2> set stored=true for all your source fields (i.e. not
   copyField destination). You can either roll your own
   program that pulls data from the old and sends
   it to the new or use the Collections API REINDEXCOLLECTION
   API call. But note that it’s specifically called out
   in the docs that all fields must be stored to use the
    API, what happens under the covers is that the 
     stored fields are read and sent to the target
   collection.

In both these cases, Robert’s comment doesn’t apply.
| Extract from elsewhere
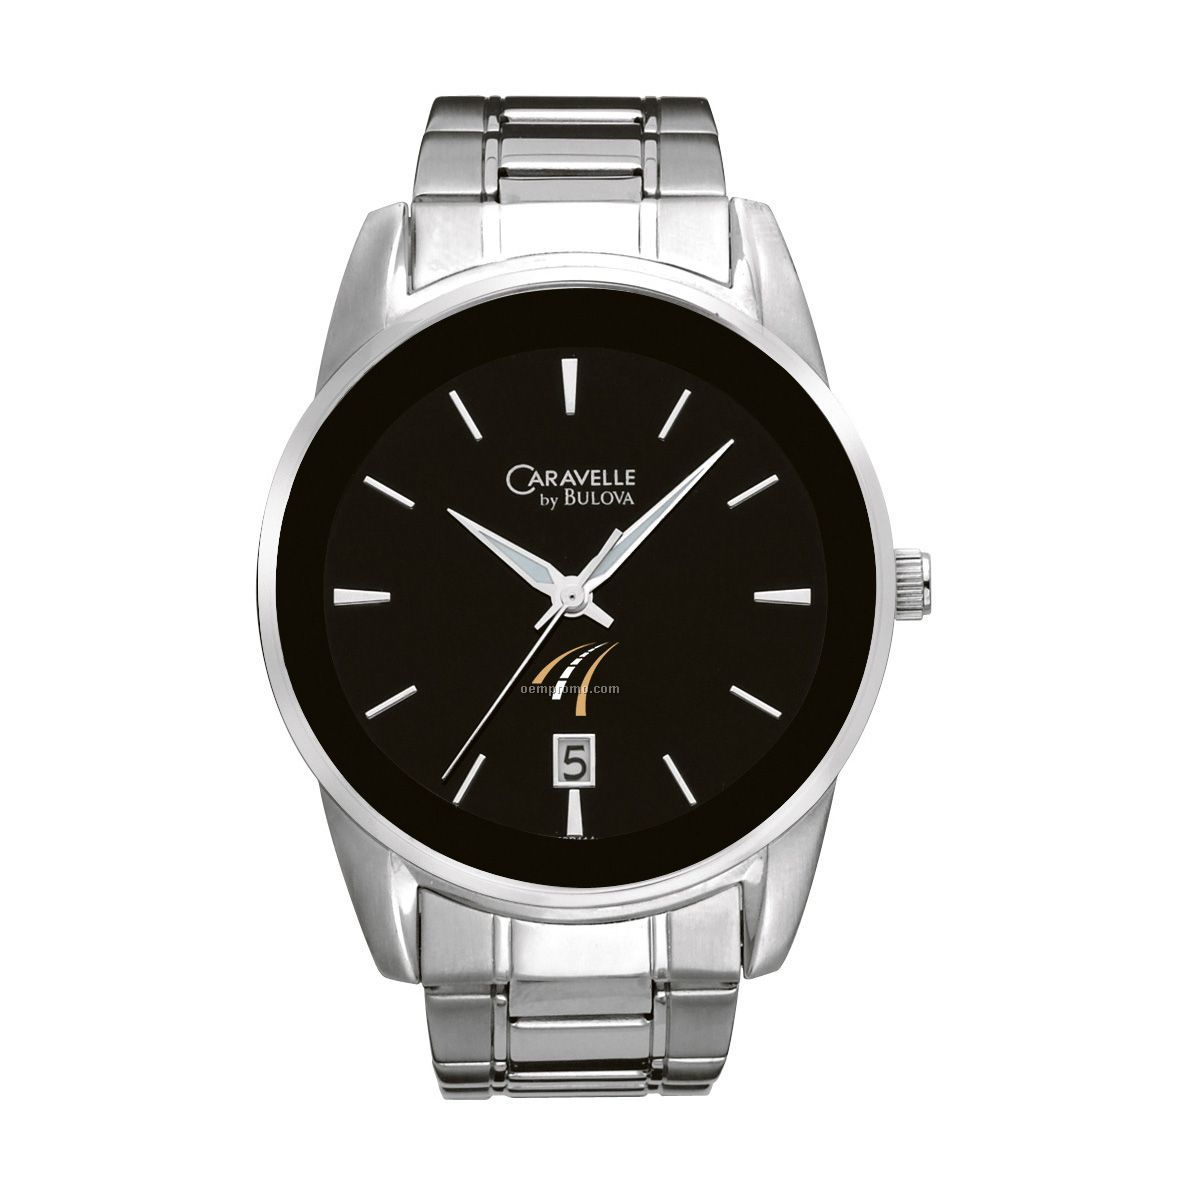 Wrist watch for men flipkart online

Well,
it does apply but “if x is not available” is not the case,
the original _is_ available; it’s the stored data...

I’m over-stating the case somewhat, there are a few changes
that you can get away with re-indexing all the docs into an
existing index, things like changing from stored=true to 
stored=false, adding new fields, deleting fields (although the
meta-data for the field is still kept around) etc.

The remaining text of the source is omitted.